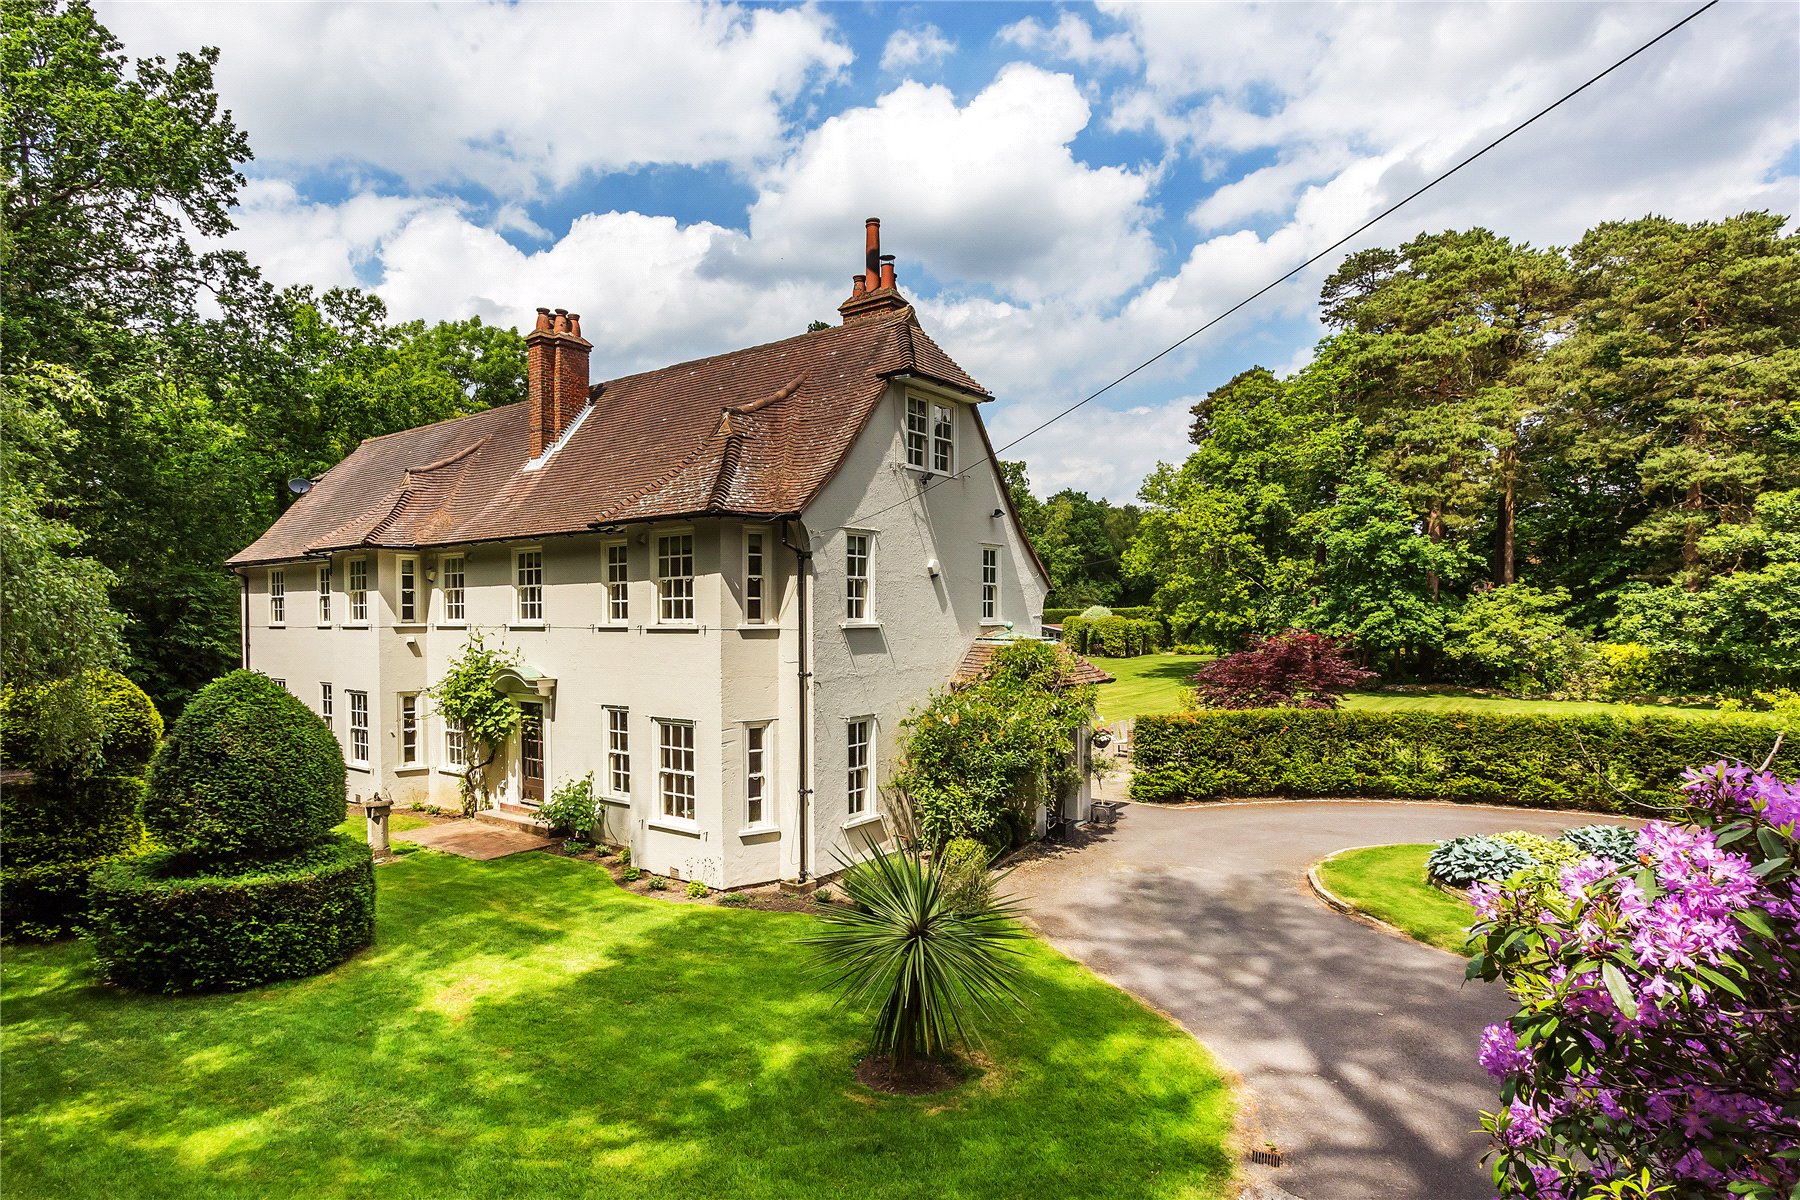 Property for sale in Worplesdon Hill, Surrey - Guide Price £2,850,000
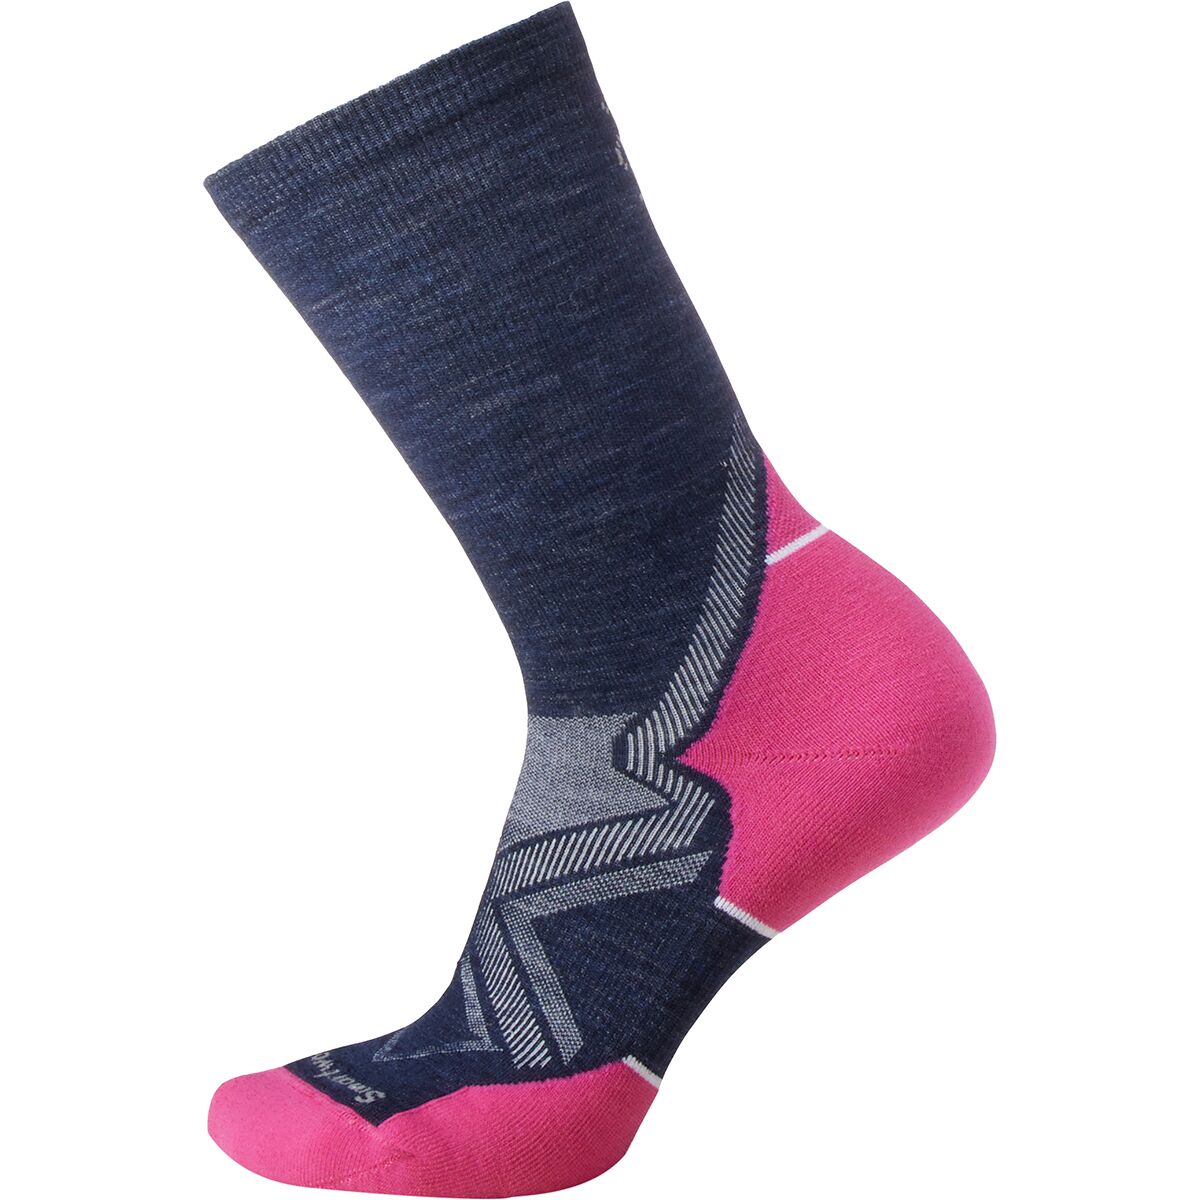 Smartwool Run Cold Weather Targeted Cushion Crew Sock - Women's
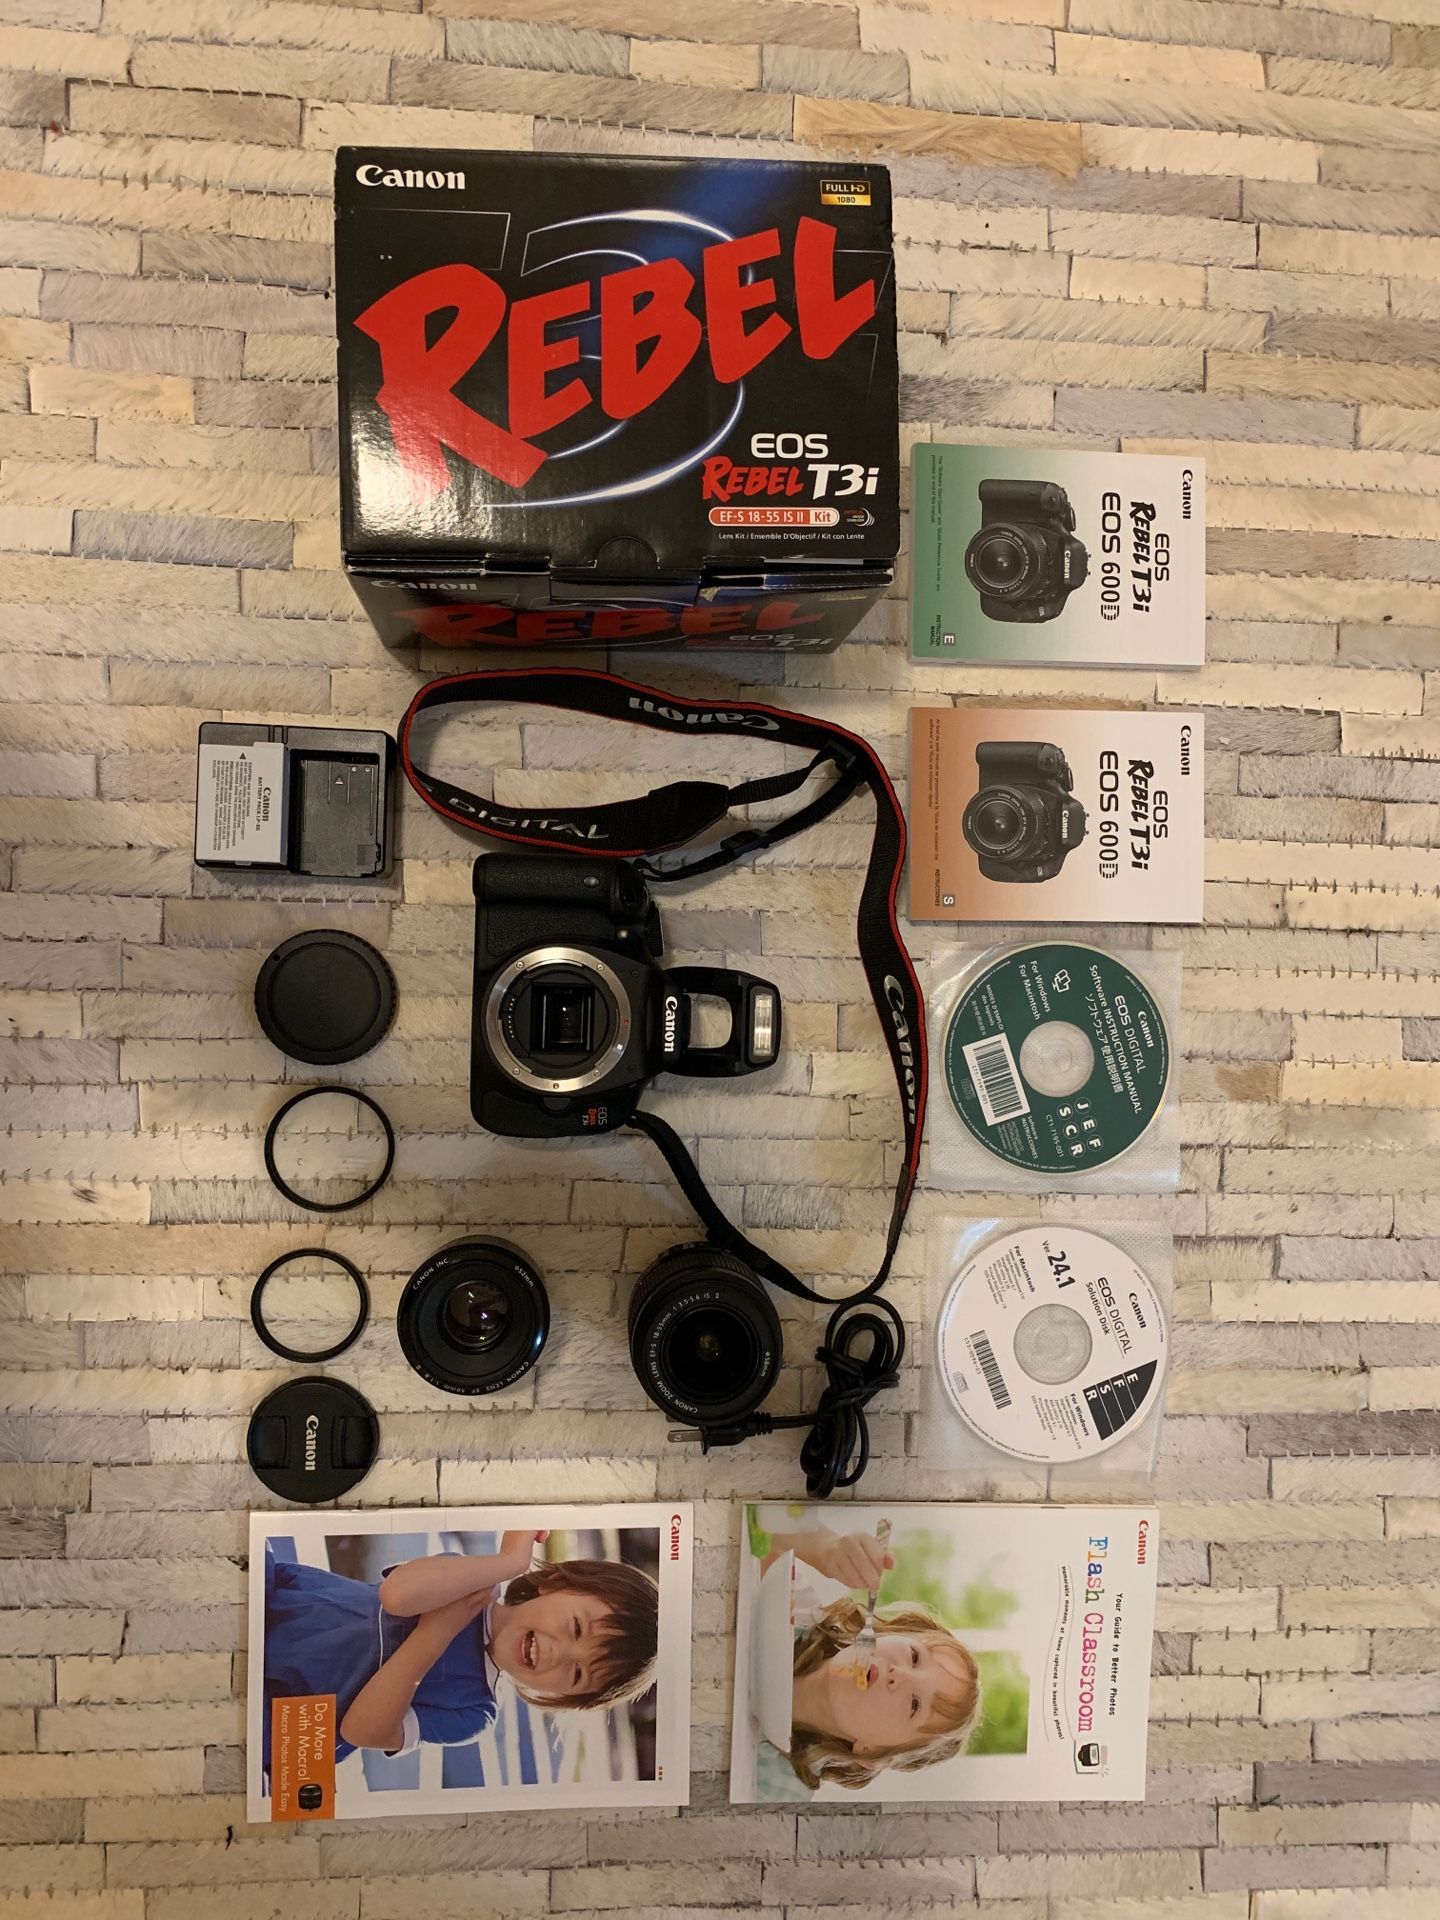 Canon Rebel T3i + 2 Lenses and Accessories
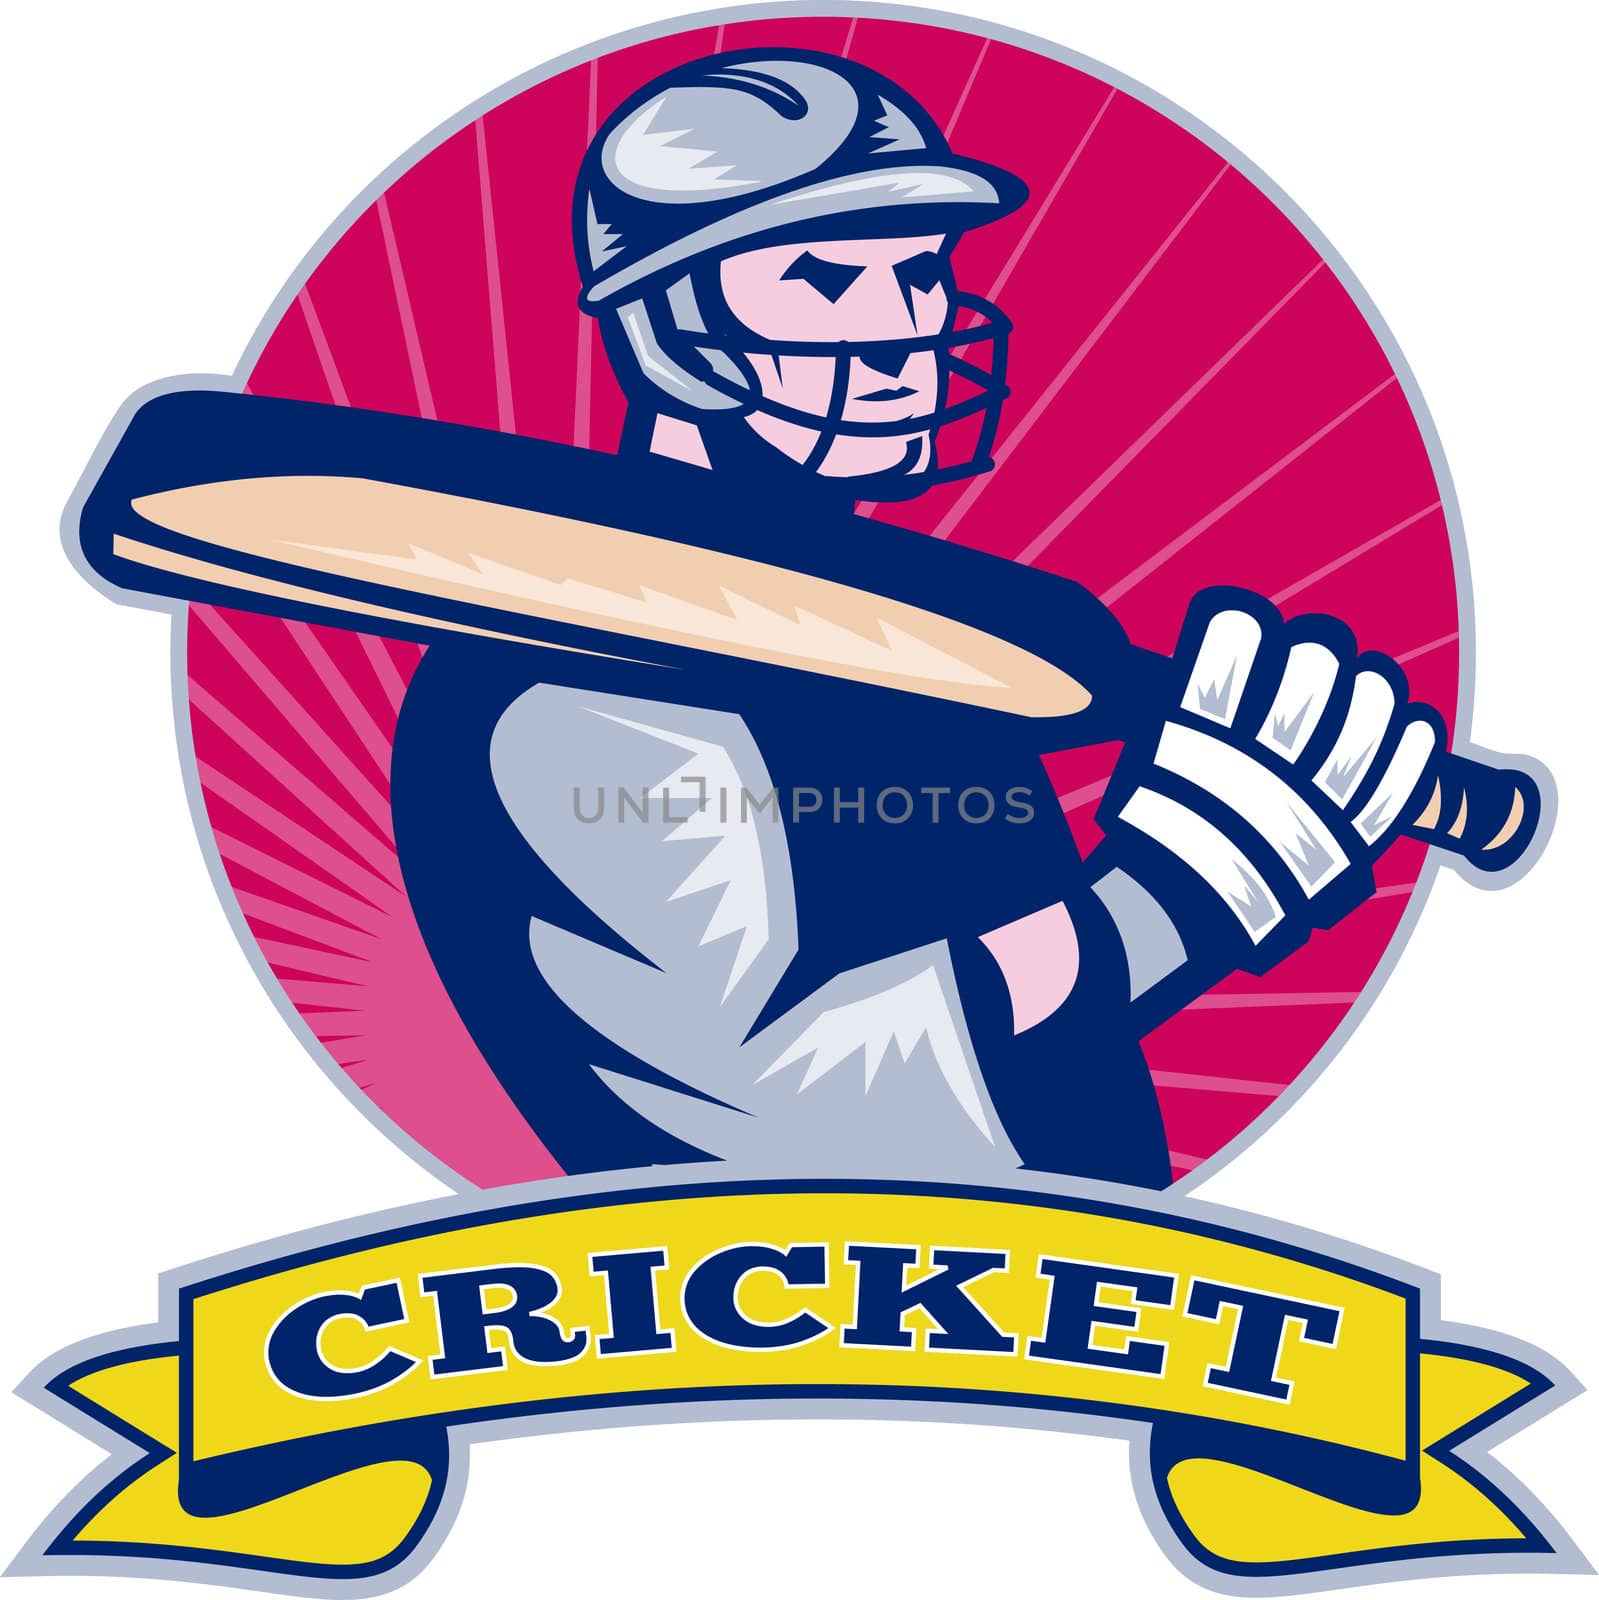  illustration of a cricket batsman with bat side view with sunburst in background done in retro style

**********

_Task brief:_
Since only the text is needed, retype the data above exactly and omit the pictures.

_Task result:_
 Property for sale in Worplesdon Hill, Surrey - Guide Price £2,850,000
 Smartwool Run Cold Weather Targeted Cushion Crew Sock - Women's
 Canon Rebel T3i + 2 Lenses and Accessories
  illustration of a cricket batsman with bat side view with sunburst in background done in retro style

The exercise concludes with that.